The Spycraft Revolution - hsnewman
https://foreignpolicy.com/2019/04/27/the-spycraft-revolution-espionage-technology/
======
AndrewKemendo
I'm pretty open (within legal bounds) about my time in the operational and
technical intelligence world, to the consternation of others in the field, and
would say that this article is dead on with it's analysis.

One thing that I try to get across to people is that, Intelligence as a
discipline is fundamentally about servicing the Instrument of National Power
[1] of "Information."

In that context, the manner in which information is tasked, collected,
processed, analyzed and used to make decisions on is a forever moving target,
which the Intelligence Community is very well aware of.

The really interesting question here is, what happens when commercial and
consumer information systems (eg Google, Facebook, Huawei, Tencent) are able
to deploy collection sensors and do information processing at a much larger
scale than any individual nation state?
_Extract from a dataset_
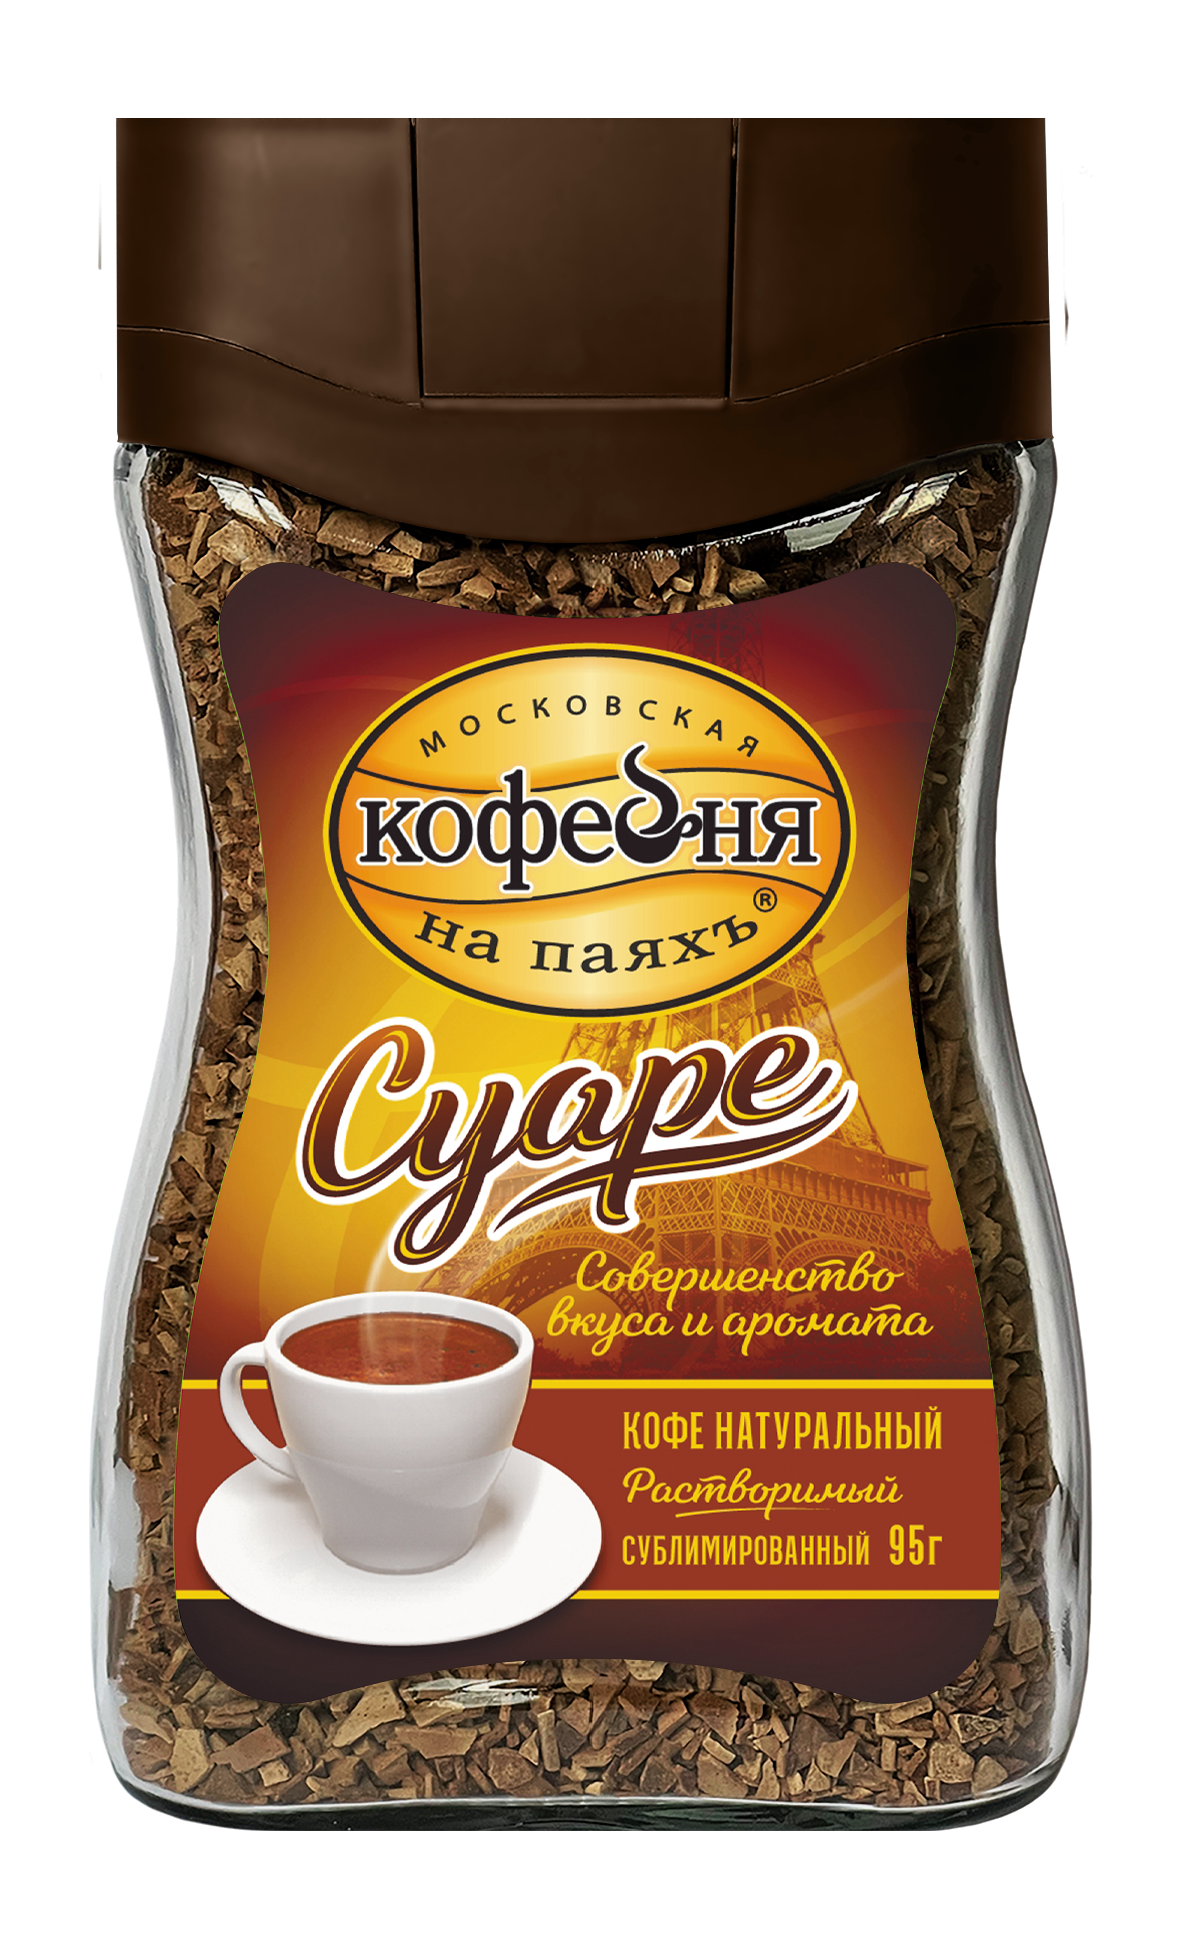 Кофе растворимый сублимированный Московская кофейня на паяхъ Суаре, банка, 95 г - отзывы покупателей на маркетплейсе Мегамаркет | Артикул: 100023256386

The balance of Information power
starts to shift away from nations and toward Multinational corporations who
control those sensor networks.

For example the USG used to run every imagery satellite in existence, now
there are a half dozen commercial imagery satellites and growing.

[1][https://www.thelightningpress.com/the-instruments-of-
nationa...](https://www.thelightningpress.com/the-instruments-of-national-
power/)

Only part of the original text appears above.